The CSV revolves around a fictitious company and the core data set contains : **names**, **DOBs**, **age**, **gender**, **marital status**, **date of hire**, **reasons for termination**, **department**, whether they are **active or terminated**, **position title**, **pay rate**, **manager name**, **performance score**, **absences**, **most recent performance review date**, and **employee engagement score**.

Many points of interest can be explored through all these variables.
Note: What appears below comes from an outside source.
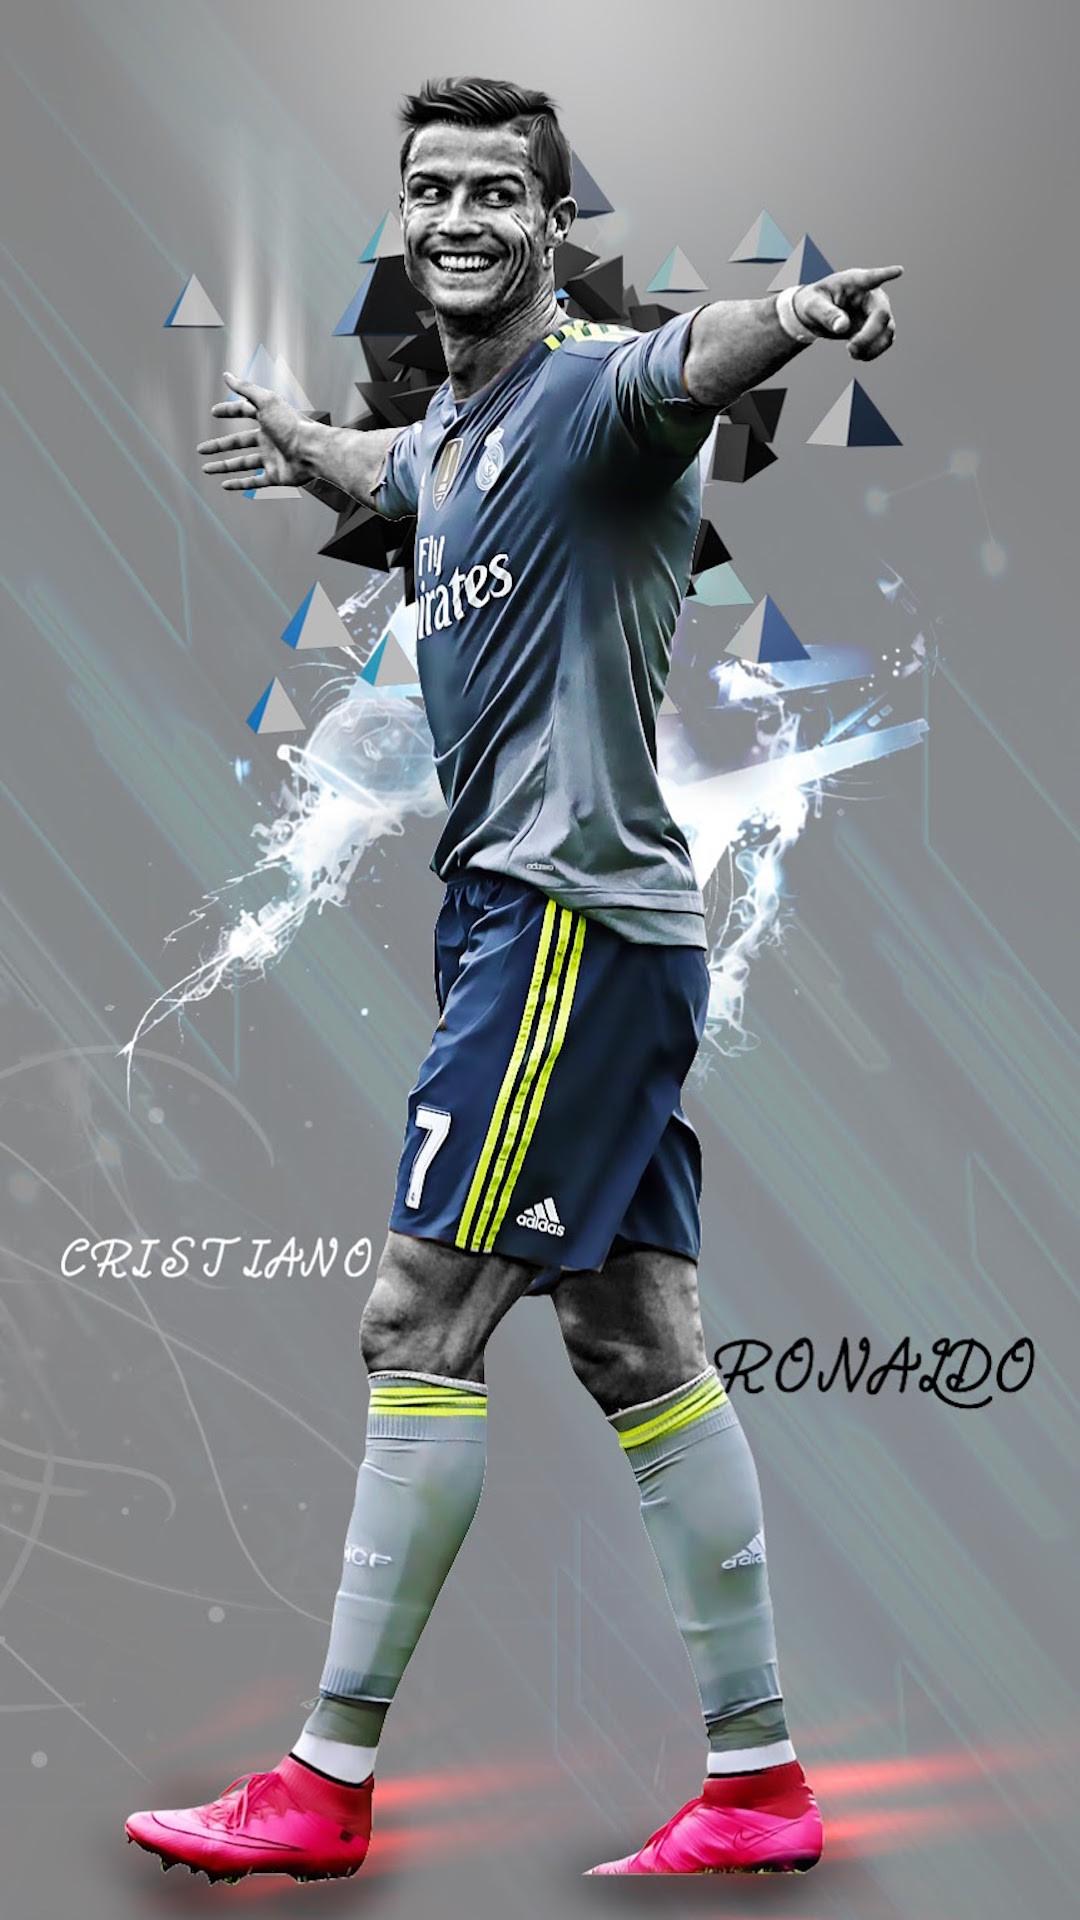 1080x1920 Cristiano Ronaldo iPhone Wallpaper HD

Because grasping relevant information is the key to set up a good management, it is important for companies to study this kind of dataset and sometimes when it's needed, make new decisions.
Thus, to help our company to evolve, a lot of questions can be addressed thanks to data analysis :
- Is the performance score unequal between different areas of the company ?
- Can we detect any relationship between who a person works for and their performance score ?
- What is the overall diversity profile of the organization ?
- What are our best recruiting sources if we want to ensure a diverse organization ?
- Are there areas of the company where pay is not equitable ?
- Can we predict who is going to terminate and who isn't ? What level of accuracy can we achieve on this ?
- Which profiles tend to cumulate absences or to have a poor satisfaction working in the company ?


In [None]:
!pip install seaborn --upgrade

In [None]:
import numpy as np
import pandas as pd
import matplotlib.pyplot as plt
import seaborn as sns

First, let's import the csv dataset.

In [None]:
df = pd.read_csv('../input/human-resources-data-set/HRDataset_v14.csv')
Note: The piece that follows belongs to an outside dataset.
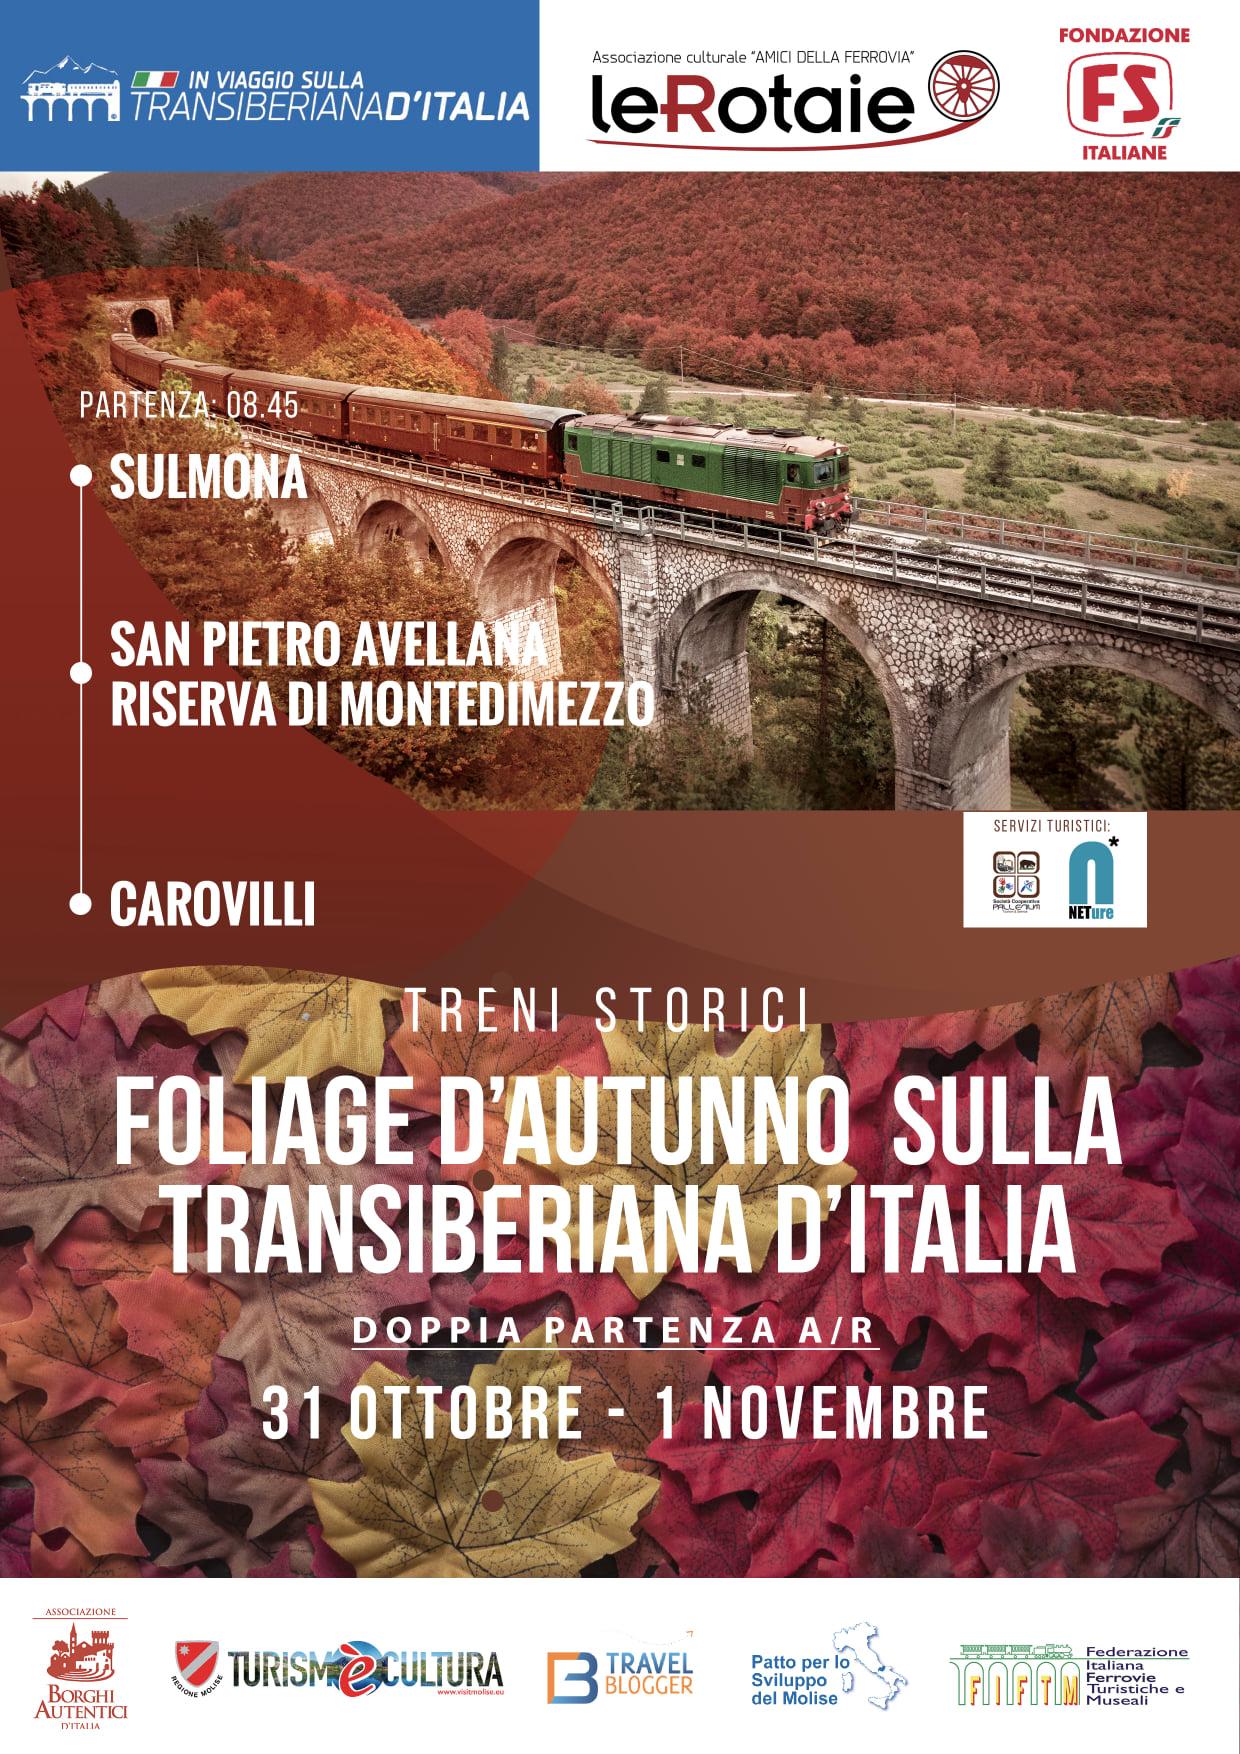 Sulmona-Carovilli A/R

It's also important to check the datatype of all our variables, how many observations we have and whether or not there are missing values. Here, no imputation will be needed.

In [None]:
df.info()

In [None]:
# Check unique values for each fields except a few ones not so relevant
for c in df.columns:
    if df[c].dtype == object and (c not in ('Employee_Name', 'DOB', 'DateofHire', 'DateofTermination', 'LastPerformanceReview_Date', 'ManagerName')):
        print(c, df[c].unique())

In [None]:
df.head()

# Exploratory Data Analysis

### *Is the performance score unequal between different areas of the company ? Can we detect any relationship between who a person works for and their performance score ?*

First, let's remind what are the unique values in PerformanceScore feature :

In [None]:
df['PerformanceScore'].unique()

How is PerformanceScore distributed in the dataset ?

In [None]:
sns.catplot(x='PerformanceScore', data=df, kind="count",height=5, aspect=1.5)

In [None]:
sns.catplot(y='PerformanceScore', hue='Sex', data=df, kind="count", height=5, aspect=1.5)

In [None]:
sns.catplot(y='PerformanceScore', hue='Department', data=df, kind="count", height=5, aspect=1.5)

In [None]:
df['Department'].unique()

In [None]:
perfs = ['Exceeds', 'Needs Improvement', 'PIP', 'Fully Meets']
dps = ['Production       ', 'IT/IS', 'Software Engineering',
       'Admin Offices', 'Executive Office', 'Sales']
palette1 ={"IT/IS": "C0", "Production       ": "C1", "Software Engineering": "C2", "Admin Offices":"C3", "Sales": "C4", "Executive Office":"C5"}
palette2 ={"Exceeds": "C0", "Needs Improvement": "C1", "PIP": "C2", "Fully Meets":"C3"}

The histogram below allows us to see the conditional probability of Department given Perfomance Score. It's a way to grasp the overall performance of the company but knowing the fact the production department is much bigger than other departments, we can do better taking the performance score given the department.

In [None]:
plt.figure(figsize=(15, 10))
for ps in perfs:
    sns.histplot(x='PerformanceScore', hue='Department', multiple='stack', shrink=.9, stat='probability',palette=palette1, data=df[df['PerformanceScore']==ps])

In [None]:
plt.figure(figsize=(15, 10))
for dp in dps:
    sns.histplot(x='Department', hue='PerformanceScore', multiple='stack', shrink=.9, stat='probability',palette=palette2, data=df[df['Department']==dp])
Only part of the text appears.